Notre objectif était d'analyser les résultats d'une IRM 3 Tesla multi-paramétrique sur trois critères (localisation, contact capsulaire [CC] et EEC) en comparaison des données anatomopathologiques des pièces opératoires.


Population et méthode


Population étudiée


Soixante-quatorze patients consécutifs ayant un adénocarcinome de la prostate confirmé sur biopsies randomisées (12 biopsies) et candidats à une prostatectomie radicale, ont été inclus. L'âge moyen était de 60,35ans, avec une médiane de 60,5 (48-72) ans. La moyenne du PSA était de 8,17ng/mL, avec une médiane de 6,51 (2,38-20) ng/mL. La moyenne du Gleason biopsique était 6,78, avec une médiane de 6 (6-9). La classification de D'Amico retrouvait respectivement 9 (12,16 %), 53 (71,62 %) et 12 (16,22 %) patients, avec un risque faible, intermédiaire et élevé.

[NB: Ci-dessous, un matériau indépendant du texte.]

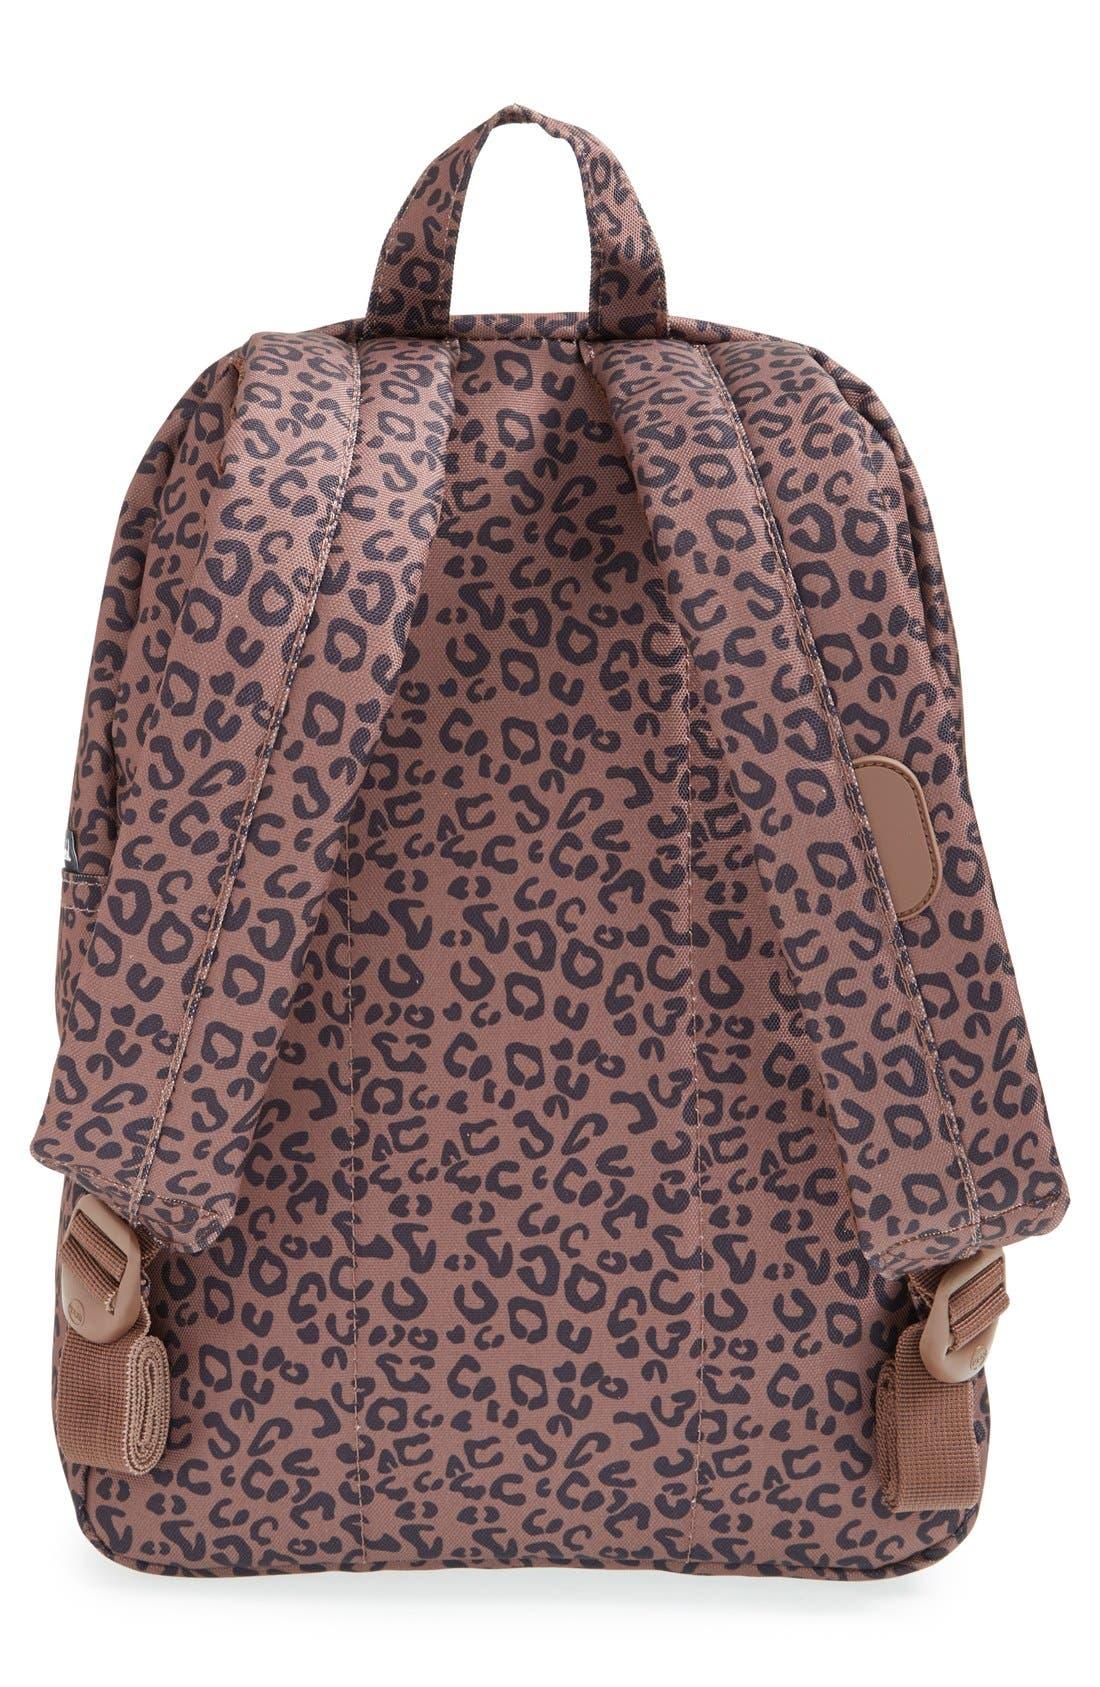 'Settlement - Leopard Print' Backpack,                             Alternate thumbnail 4, color,                             001

Les critères d'exclusion étaient les suivants :

contre-indication à l'IRM ;
traitement antérieur prostatique (chirurgie, radiothérapie ou hormonothérapie) ;
localisations secondaires osseuses ou ganglionnaires sur le bilan d'extension.

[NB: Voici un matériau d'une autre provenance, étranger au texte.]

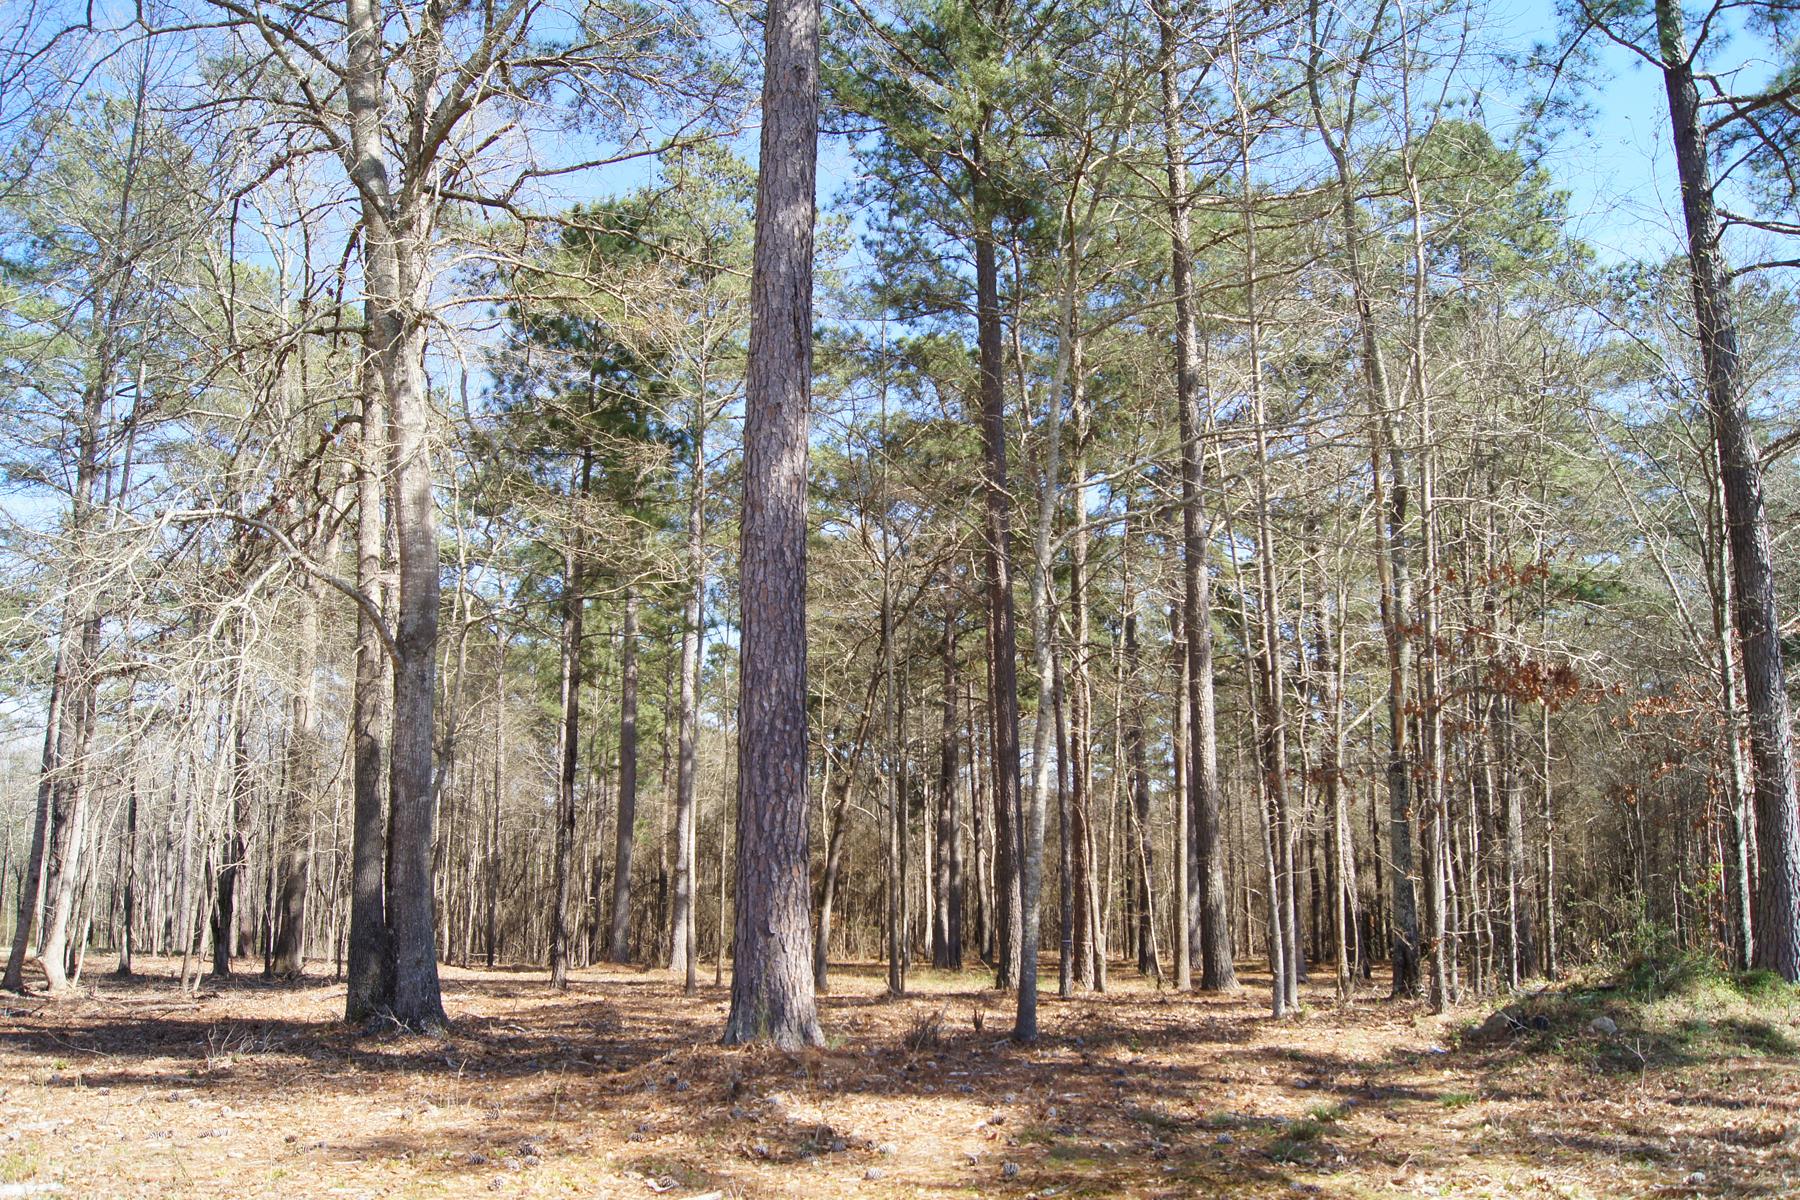 Land for Sale at Nine Acre Lot In Popular Whisper Creek Near Pinewood Studios 280 Honey Lane, Fayetteville, Georgia 30214 United States

Tous les patients ont subi une prostatectomie radicale par chirurgie rétropubienne ou laparoscopique, selon les préférences de chaque chirurgien. Le délai moyen entre l'IRM et la chirurgie était de 45,75jours (1-200) avec un délai médian de 30jours. Un curage ganglionnaire positif en extemporané excluait automatiquement le patient de l'étude. Les critères des patients sont détaillés dans le Tableau 1.


Caractéristiques IRM


Toutes les IRM étaient faites avec un aimant 3 Tesla (Signa MR750, General Electric), couplée à une antenne externe pelvienne en réseau phasé de 32 canaux. Aucune injection de Glucagon pour diminuer le transit n'a été faite. Elles comportaient des séquences morphologiques T1 et fast spin echo (FSE) T2 en coupes axiales de 2mm, puis sagittales et coronales de 2,5mm.


Ensuite, étaient réalisées des séquences de diffusion de type single shot SE-echo planar imaging (SS EPI) en coupes axiales de 3mm en b1000 et b2000. Une cartographie du coefficient apparent de diffusion (ADC) complétait la séquence avec le logiciel spécifique de la machine (FUNCTOOL®). Enfin, des séquences de perfusion (LAVA 3D) étaient réalisées après injection de gadolinium en coupes axiales de 3mm. Il était réalisé 11 phases de 11 secondes débutant avec l'injection du produit, effectuée par un injecteur automatique au débit de 2mL/s. Une cartographie couleur et les estimations semi-quantitatives étaient réalisées par le logiciel FUNCTOOL®.


Le temps minimum entre la biopsie et l'IRM devait être de 4 semaines, pour diminuer les artéfacts hémorragiques post-biopsies (moyenne 68,22jours (31-193), médiane 66jours). Le radiologue connaissait le diagnostic d'adénocarcinome prostatique ainsi que le taux de PSA total mais il n'avait pas connaissance du score de Gleason biopsique et de l'emplacement des biopsies prostatiques positives.


Caractéristiques pathologiques


Les pièces opératoires étaient encrées pour permettre une bonne orientation, fixées au formol et inclues en paraffine. L'analyse était réalisée en utilisant la technique de Stanford.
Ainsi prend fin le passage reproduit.